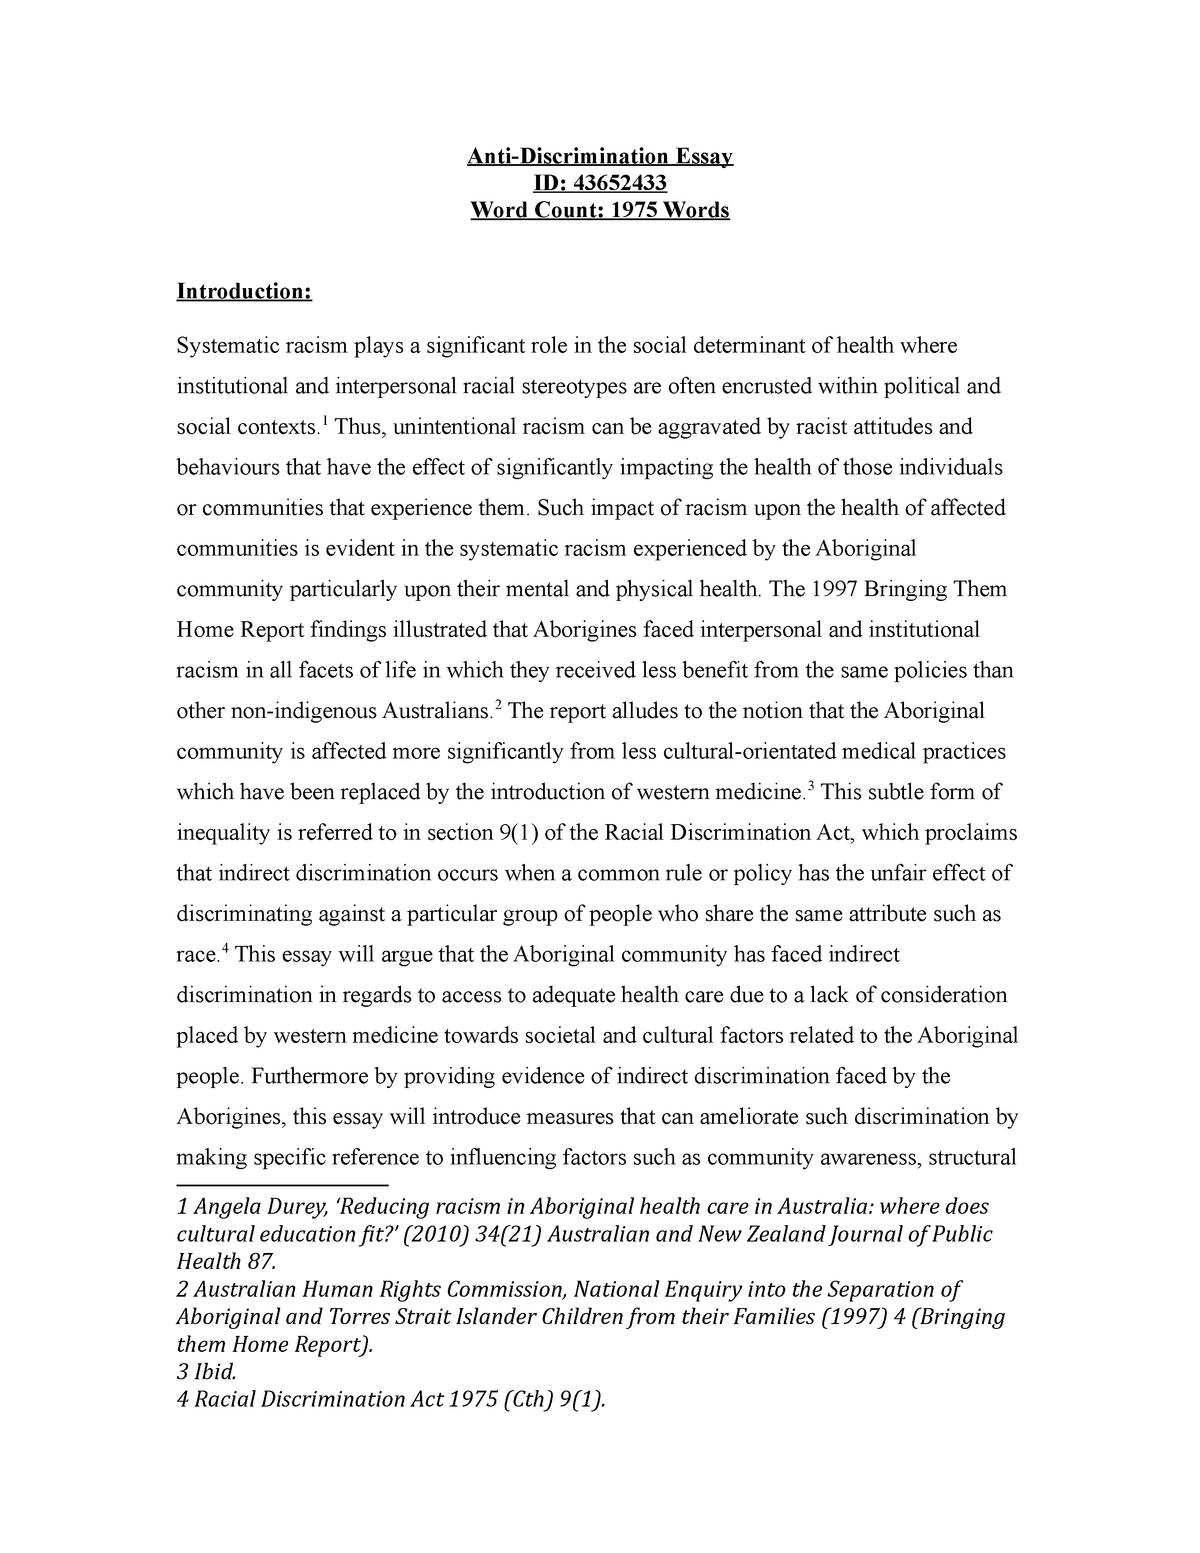 Inequalities detrimental health essay
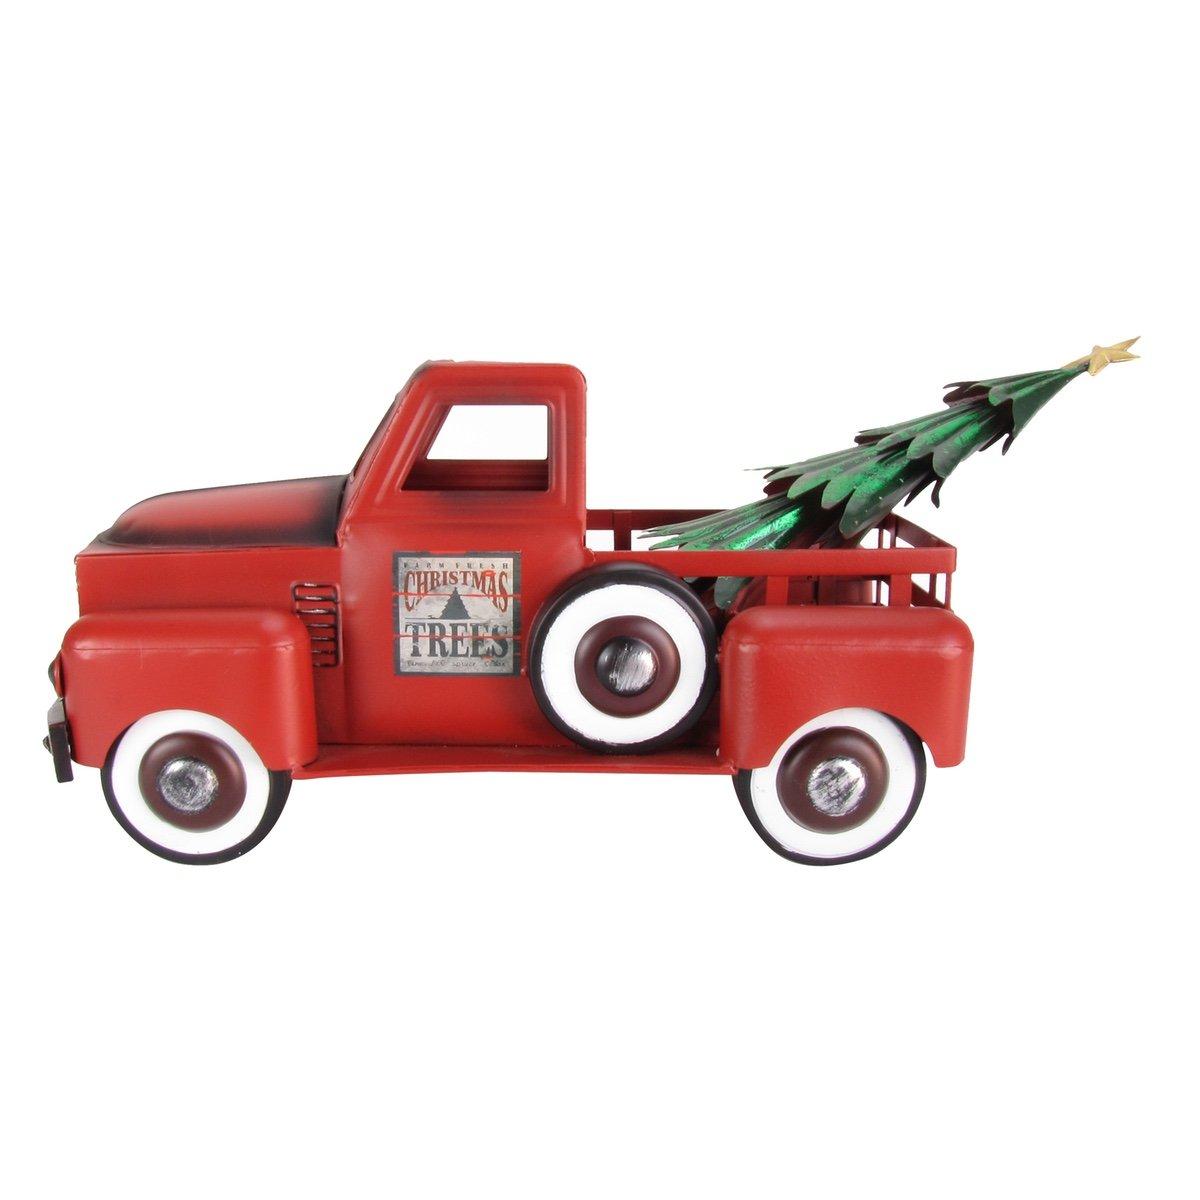 TreasureGurus, LLC Red Metal Christmas Tree Farm Delivery Pickup Truck Toy Decoration by TreasureGurus, LLC
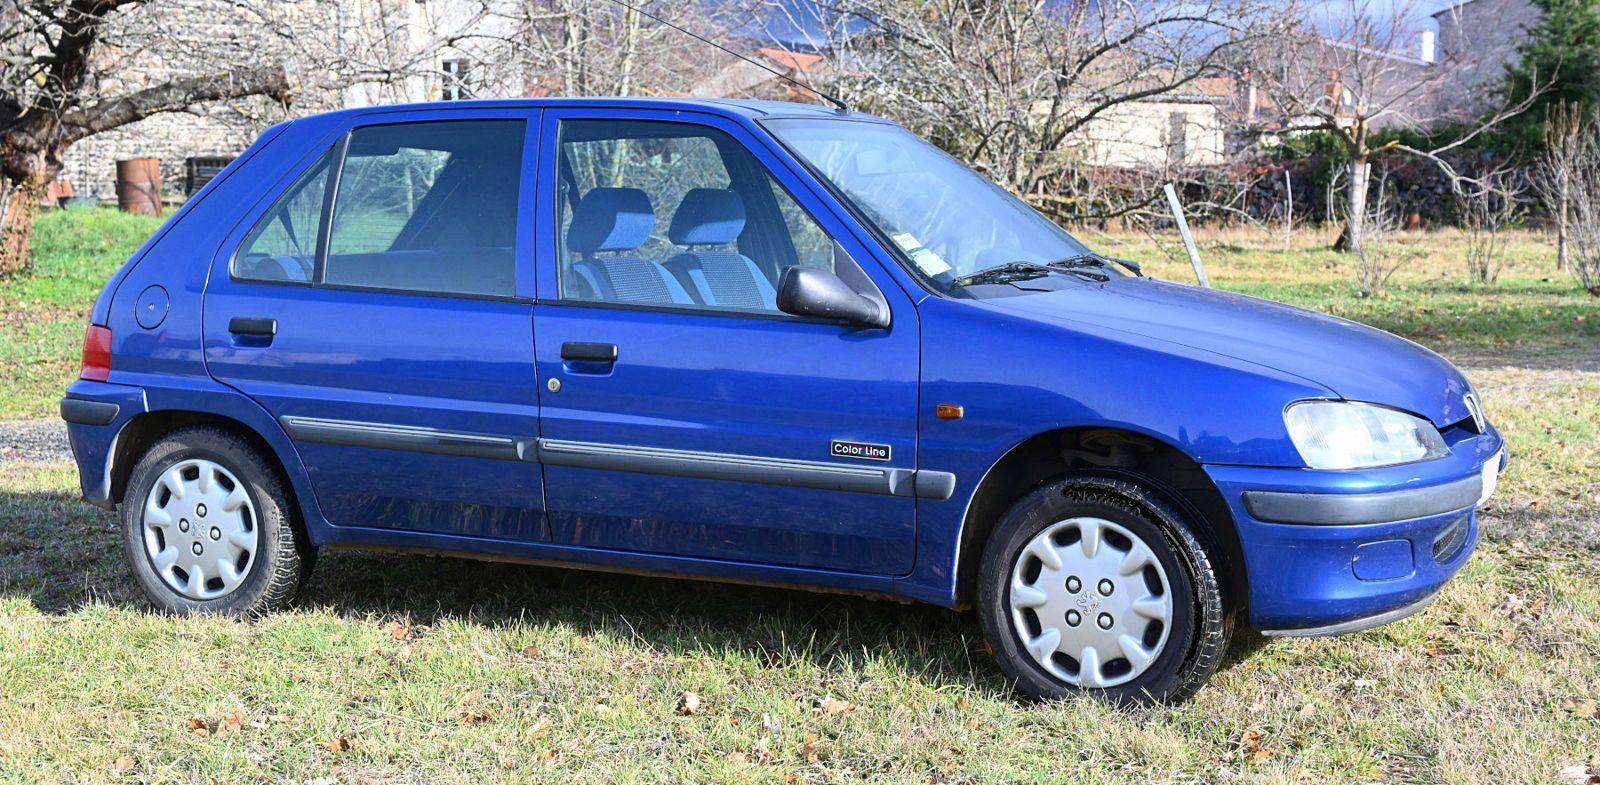 Vends PEUGEOT 106essence - 109000km 1997

▸ **TASK DETAILS**: Set down the data exactly as it appears, without any images.

▸ **FINAL ANSWER**:
 Inequalities detrimental health essay
 TreasureGurus, LLC Red Metal Christmas Tree Farm Delivery Pickup Truck Toy Decoration by TreasureGurus, LLC
 Vends PEUGEOT 106essence - 109000km 1997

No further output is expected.